The neck pocket joint was easily tight enough to support the weight of the body.

Shaping the underside. I added a heel contour, which is sculpted into the horns.

At this point I considered gluing in the neck, rather than using the usual bolt on attachment. I decided to go with the bolts however, as the neck was the first one I had ever made, and if it ended up being rubbish, it would be easier to remove it and make a new one.

Drilling the screw holes, and recesses for ferrules.

The marraige of the neck to the body. It was starting to look like a (slightly odd) guitar at this stage.

The back and sides of the body was stained black, but leaving the edge of the top unstained. I used gloss Osmo oil over the stain. It looks pleasingly sleek and organic. At this point I had also made the cavity cover from left over maple.

The cover is attached with magnets, and one corner has a bevel, so when you press it, the other end flips up.

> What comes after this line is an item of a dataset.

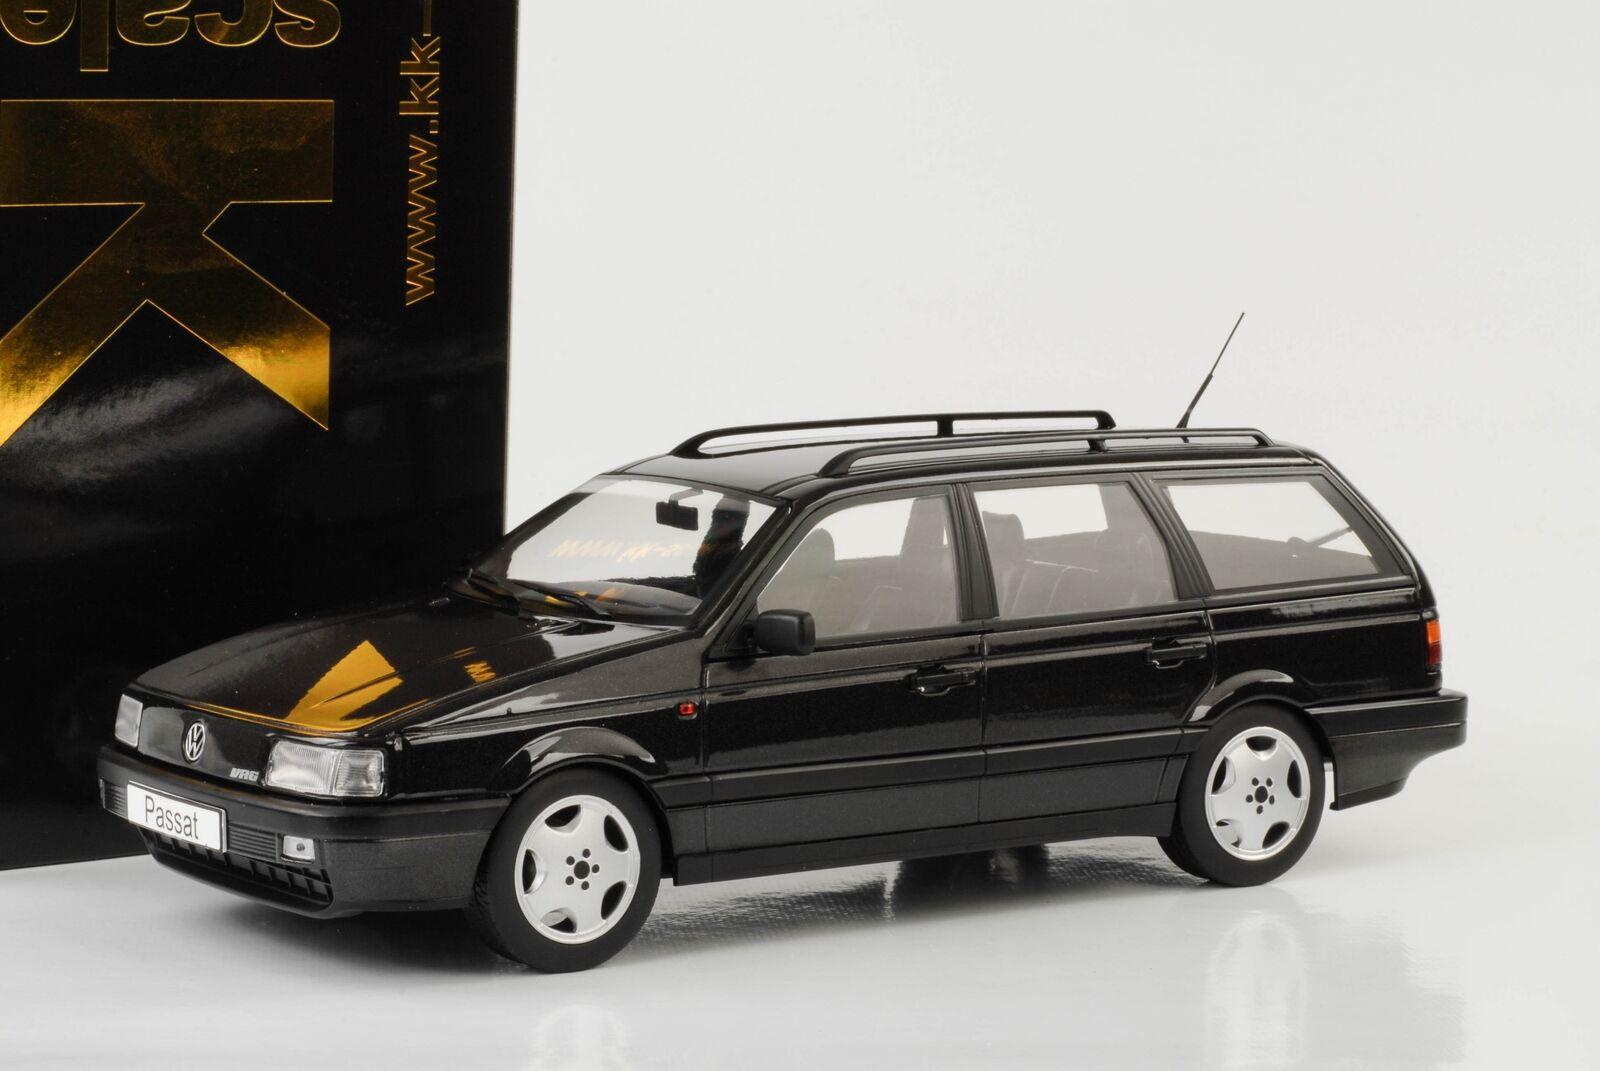 1988 Volkswagen VW Passat b3 vr6 Variant negro metálico 1 18 KK

This works nicely.
With the neck position finalised, I could finalise the position of the bridge. The bridge is a special angled one from Mera Guitars, with the perfect angle for my chosen scale lengths. (Cllick the image to link to Mera.)

The critical job of poisitioning the bridge. I attached the high and low E strings and used them to get the bridge in just the right place, with the strings the right distance from the edges of the fingerboard, at the same time as getting the string length on each side just right. This required some fiddling. When it was right, I clamped the bridge in place, and scribed the masking tape and marked where I needed to drill for mounting screws.

Pilot holes for the bridge mounting screws, and holes drilled in the corners to give a rounded corner to the recess, matching the bridge base plate. This area needs to be recessed by 5mm to get the string height in the right ball park. This was by design.

The recess for the bridge ended up being almost exactly the same thickness as the maple top, so the final pass of the router plane revealed the mahogany underneath.

Marking out the positions for the pickups. I agonised about whether I should angle the pickups to match the angle of the bridge, but I mocked it up and it just looked stupid and wonky. I used Lace Deathbucker pickups, which are standard humbucker sized but work rather differently. Even if I had had a humbucker routing template I would not have used it, because I wanted the tightest possible fit for the pickups, as I was not going to be using a pickup ring.

And drilling out the holes, using forstener bits, then lots of chisel work.

All the cavities were painted with sheilding paint, and the final construction could finally begin. I hate soldering.